The hospital was renamed in 2023 to a name resembling its original name, due to confusion with the privately operated Keck Hospital of USC located a half mile away.
Los Angeles General Medical Center is one of the largest public hospitals and medical training centers in the United States, and the largest single provider of healthcare in Los Angeles County. It provides healthcare services for the region's medically underserved, is a Level I trauma center and treats over 28 percent of the region's trauma victims (2005). It provides care for half of all sickle-cell anemia patients and those people living with AIDS in Southern California. Los Angeles General Medical Center provides a full spectrum of emergency, inpatient and outpatient services to all including indigent and Medi-Cal only recipients. These include medical, surgical, emergency/trauma, obstetrical, gynecological and pediatric services as well as psychiatric services for adults, adolescents and children.
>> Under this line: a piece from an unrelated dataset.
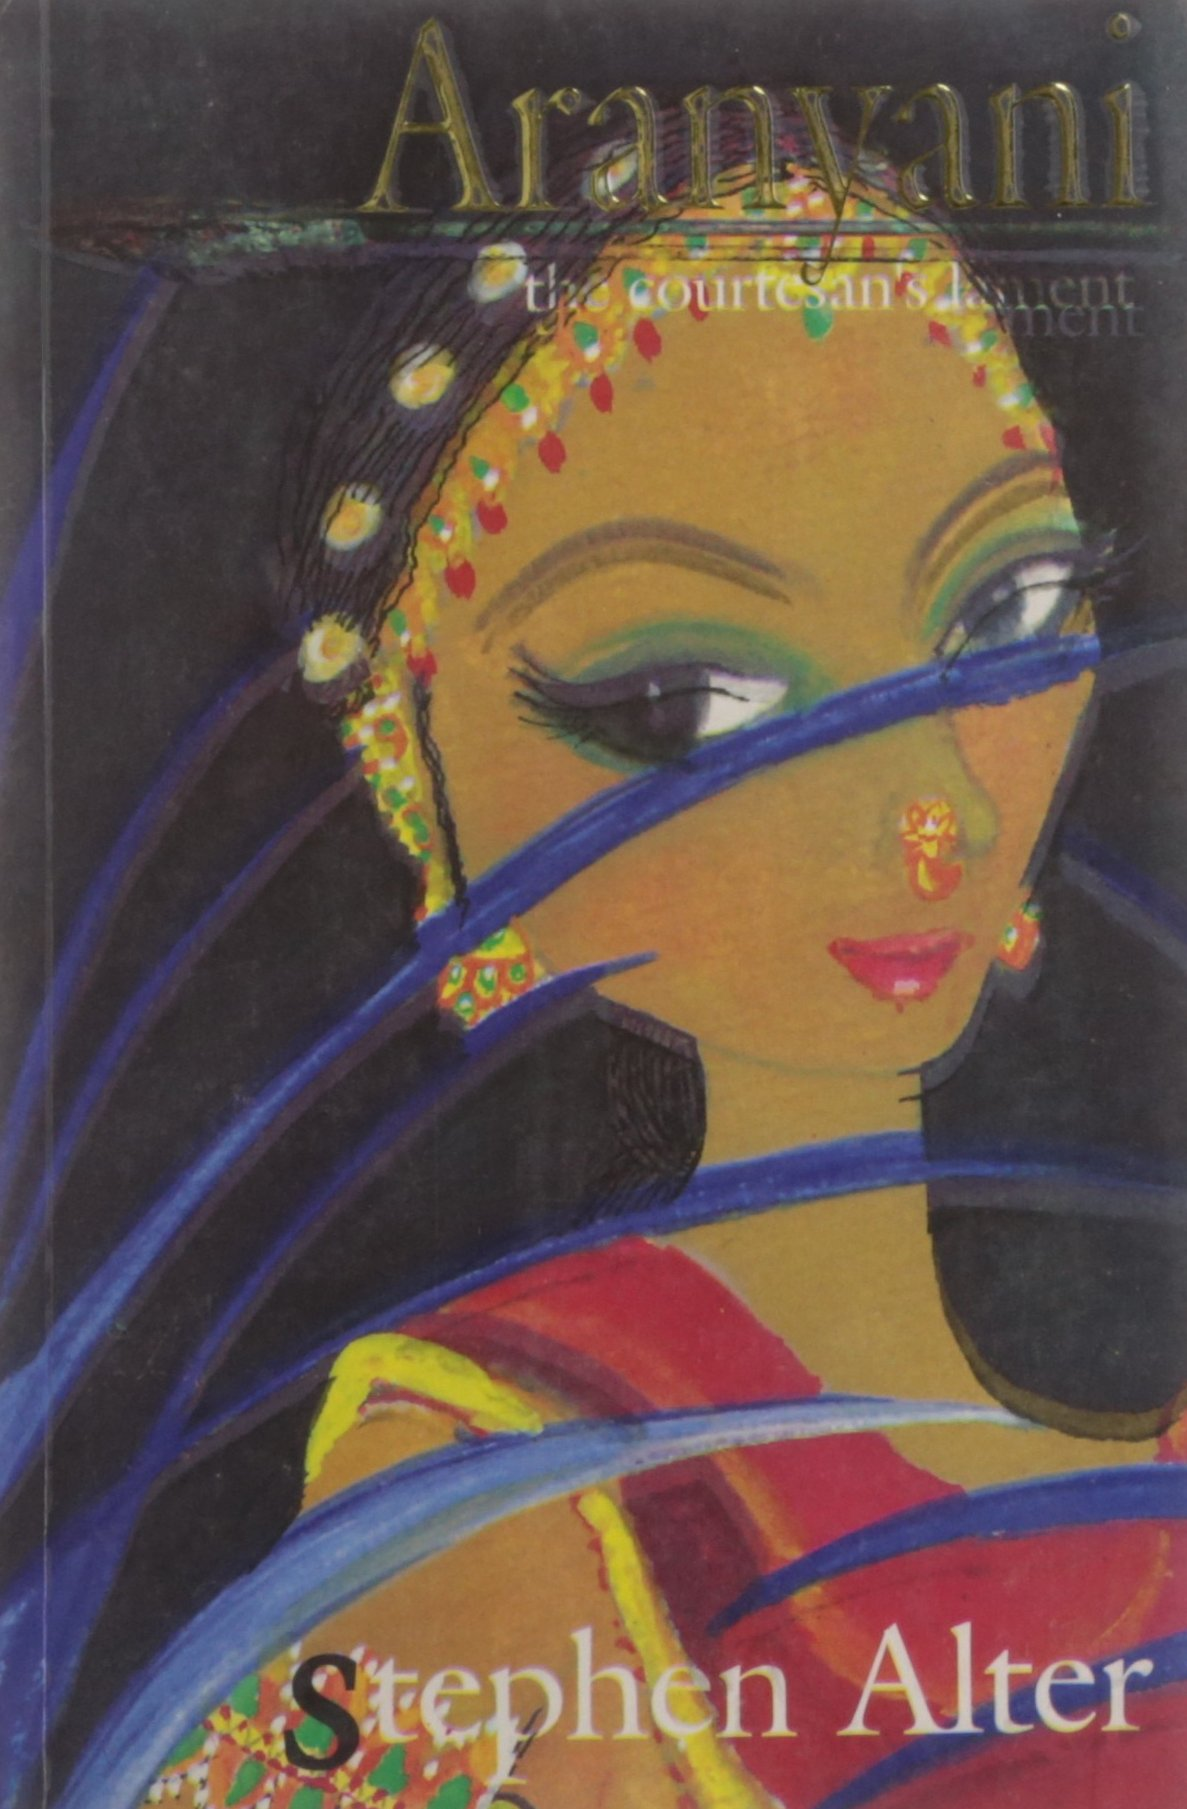 Aranyani : The Courtesan's Lament ; A Romance of Ancient India pdf epub

Los Angeles General Medical Center is one of the busiest public hospitals in the Western United States, with nearly 39,000 inpatients discharged, and one million ambulatory care patient visits each year. The Emergency Department is one of the world's busiest, with more than 150,000 visits per year. [3] LA General operates one of only three burn centers in Los Angeles County and one of the few Level III Neonatal Intensive Care Units in Southern California. LA General is also the home of the Los Angeles County College of Nursing and Allied Health, which has prepared registered nurses for professional practice since its founding in 1895. [4]
Los Angeles General Medical Center also serves as the host facility for the Navy Trauma Training Center, allowing uniformed medical professionals valuable exposure to trauma cases during 30 day clinical rotations that prepare them to treat battlefield injury on the front lines with the United States Marine Corps, at sea with the United States Navy, or ashore at Fleet Hospitals and Shock Trauma Platoons. [5]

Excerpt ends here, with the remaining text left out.